*What the task requires:*
In the records below, repeat exactly the lines between the line holding "Grand Theft Auto" and the line holding "Balenciaga Spring/Summer 2021", inclusive, and drop the pictures.

Extracted information Start Marker

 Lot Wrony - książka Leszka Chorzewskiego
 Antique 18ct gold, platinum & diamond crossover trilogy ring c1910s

Extracted information End Marker
Extracted information Start Marker

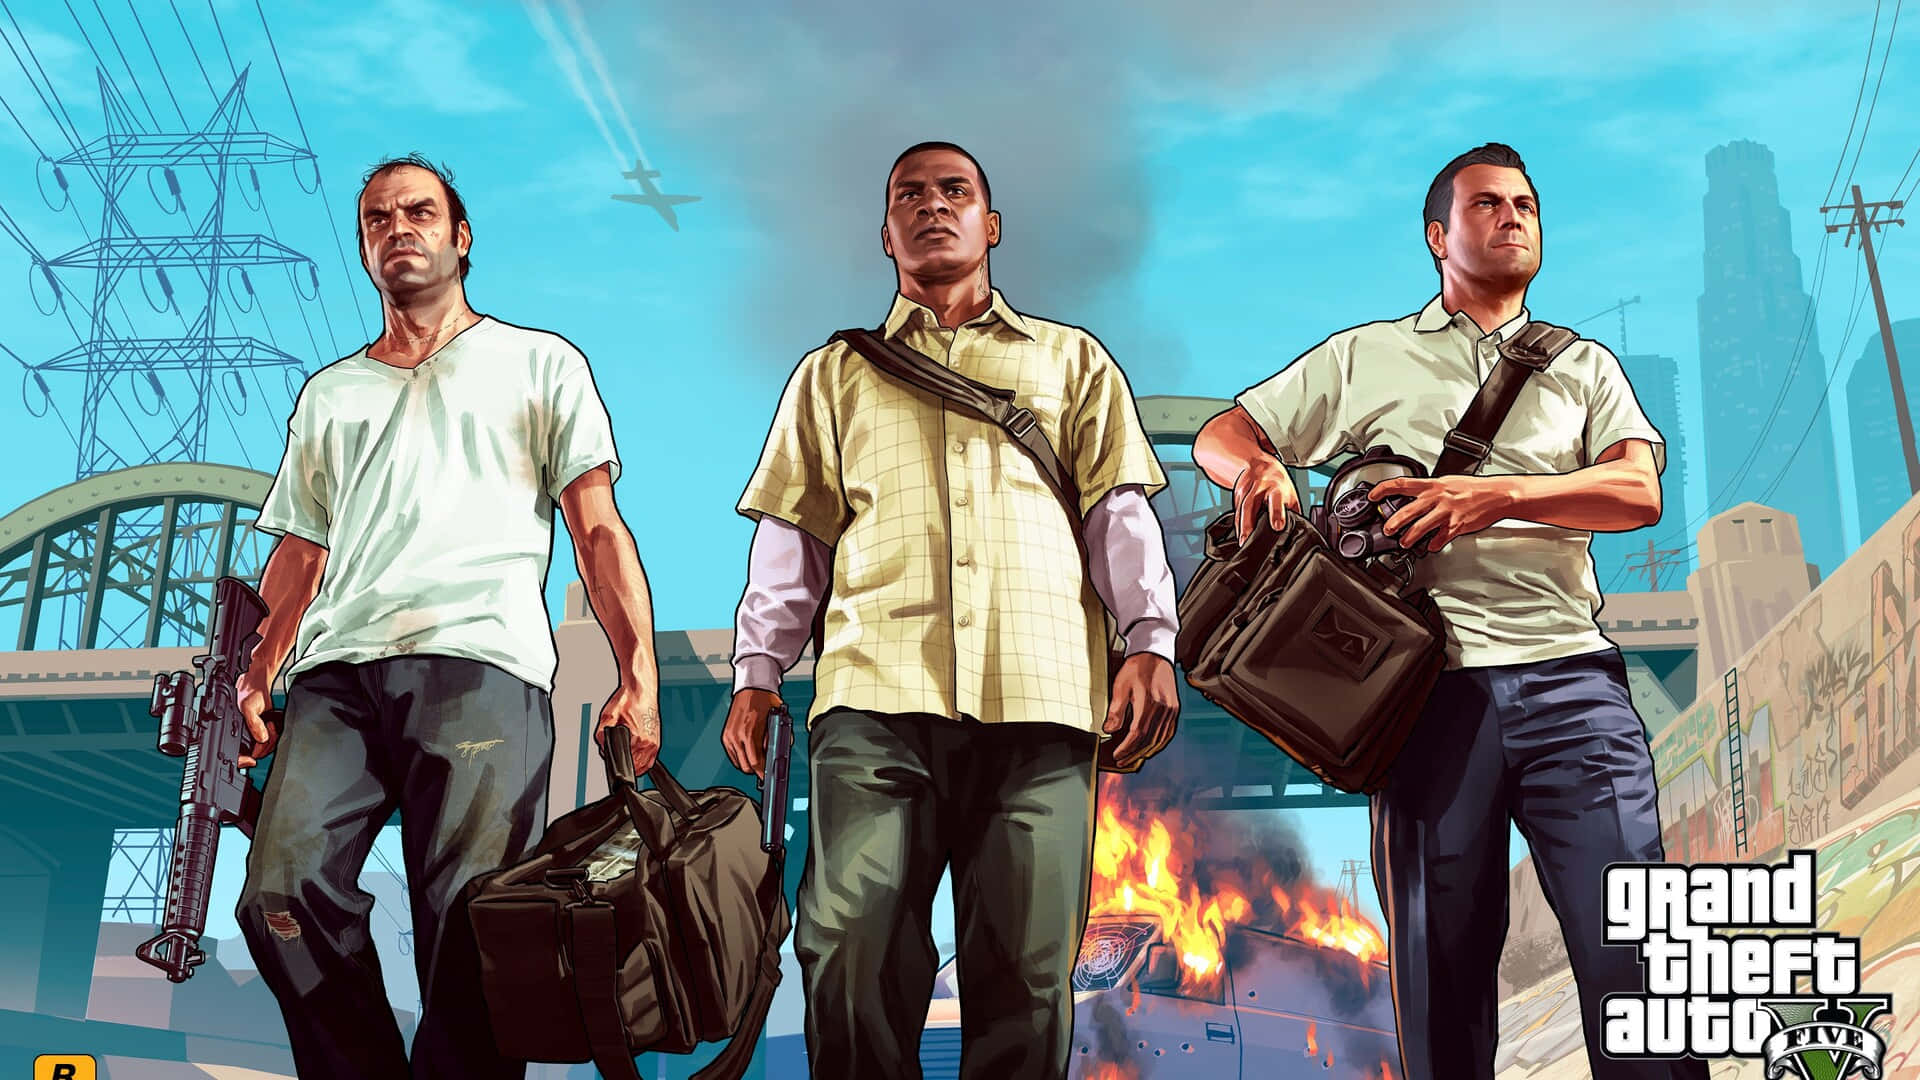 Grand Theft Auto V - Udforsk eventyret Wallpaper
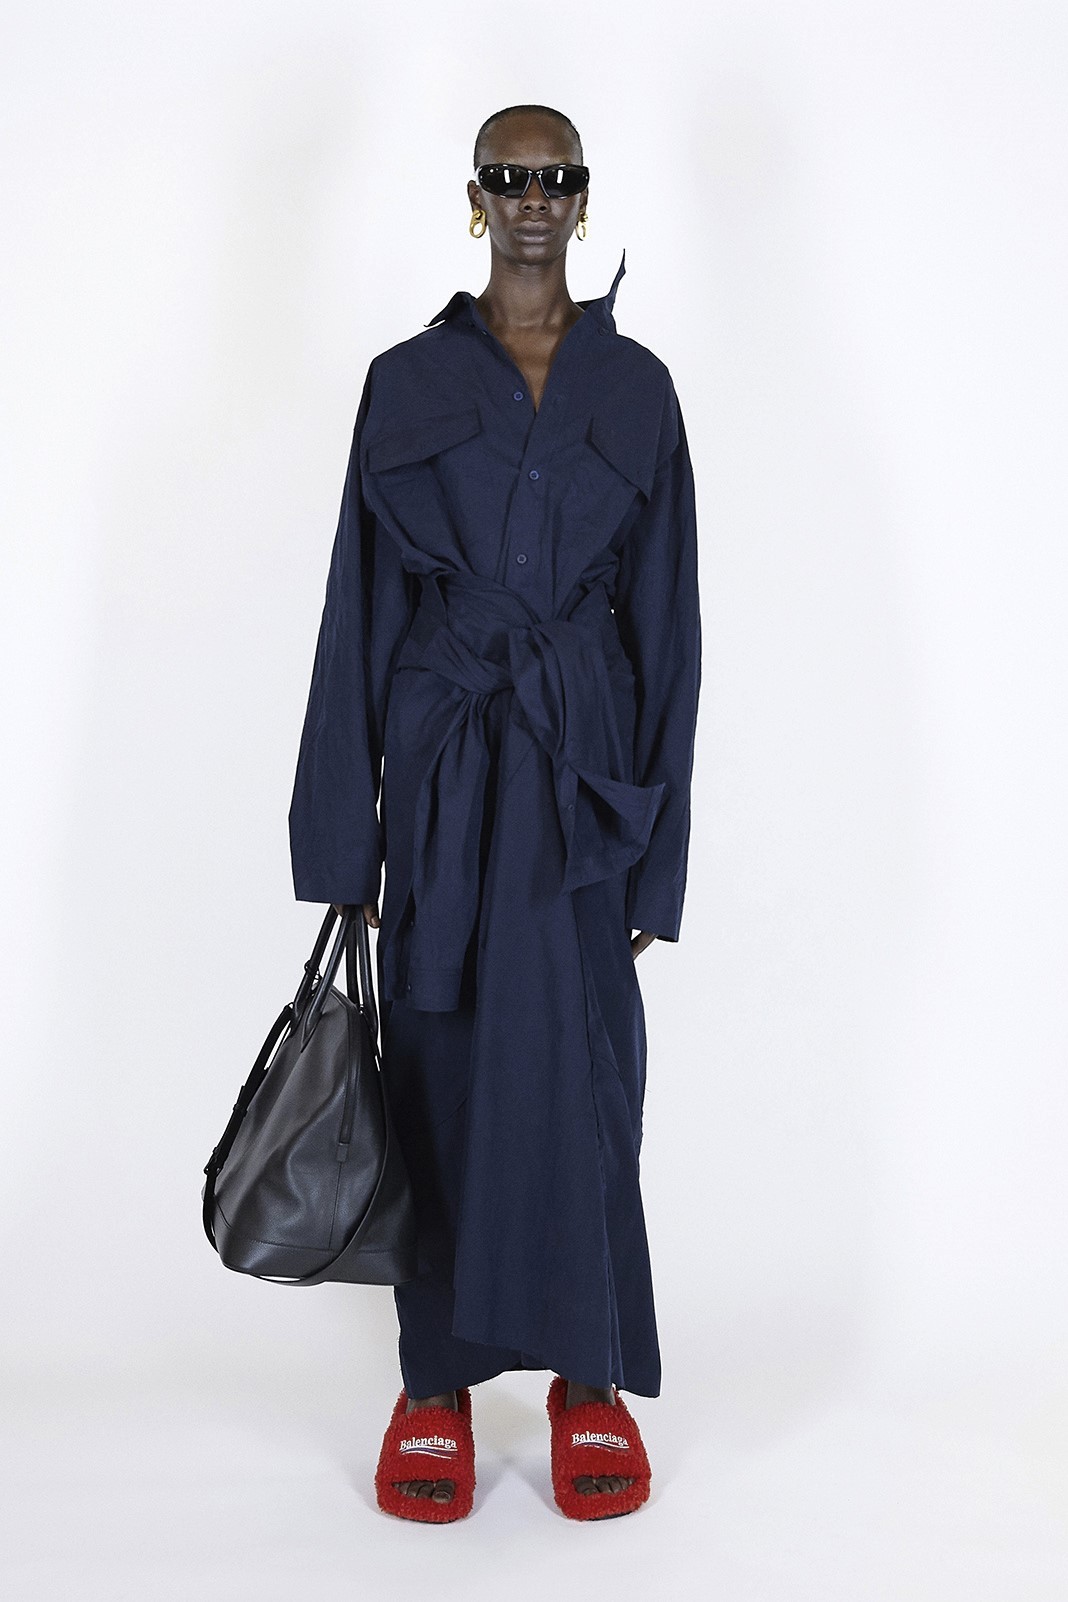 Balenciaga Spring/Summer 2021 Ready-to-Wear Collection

Extracted information End Marker
Extracted information Start Marker

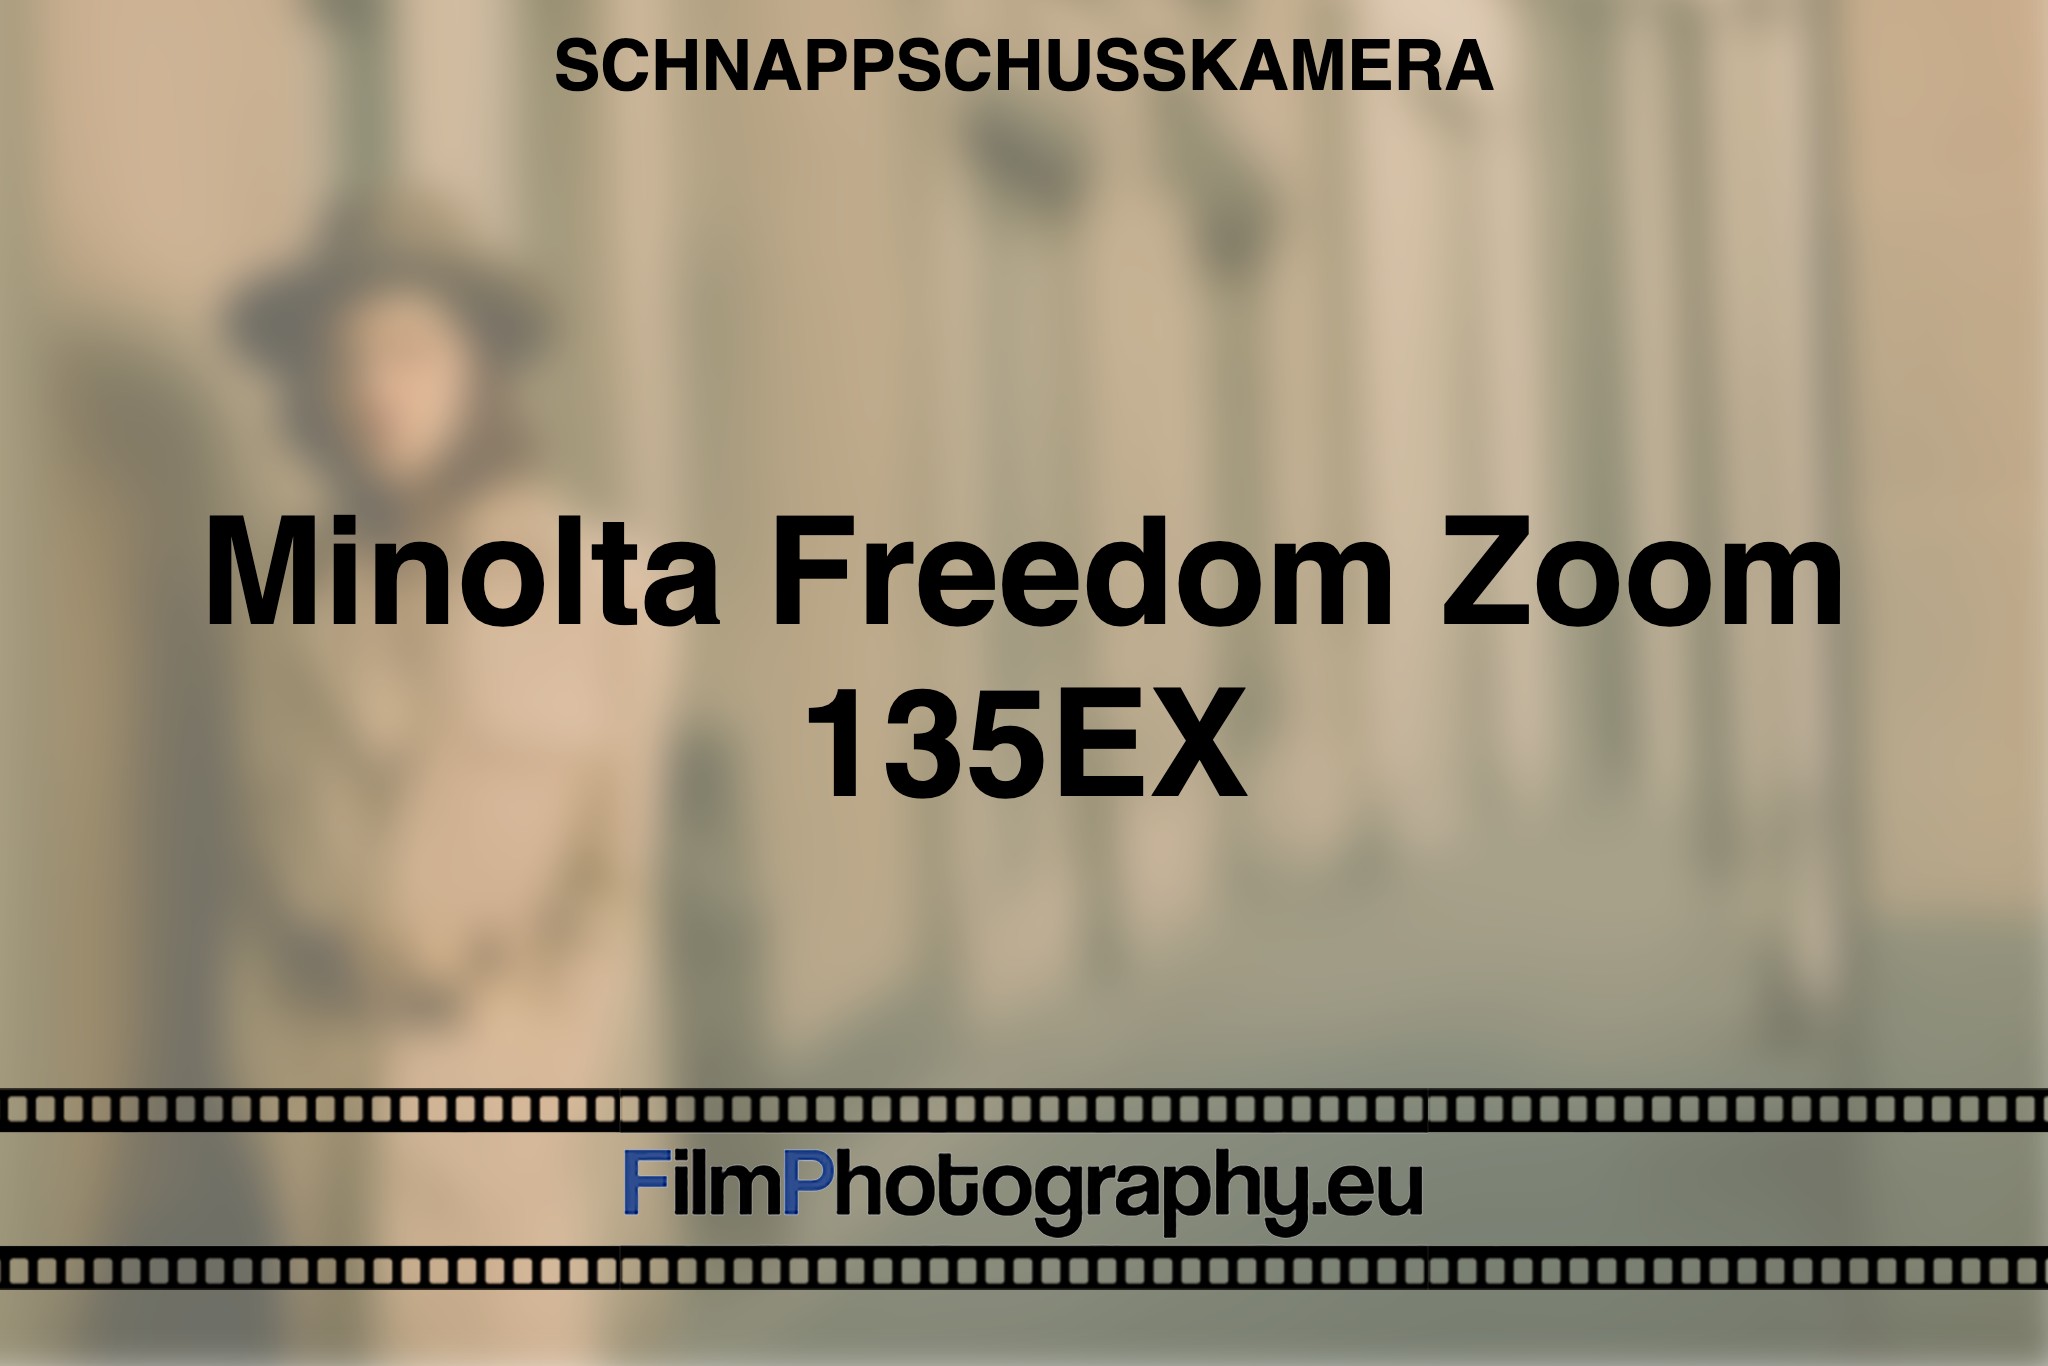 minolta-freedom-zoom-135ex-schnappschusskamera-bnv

Extracted information End Marker

*Exercise output:*
 Grand Theft Auto V - Udforsk eventyret Wallpaper
 Balenciaga Spring/Summer 2021 Ready-to-Wear Collection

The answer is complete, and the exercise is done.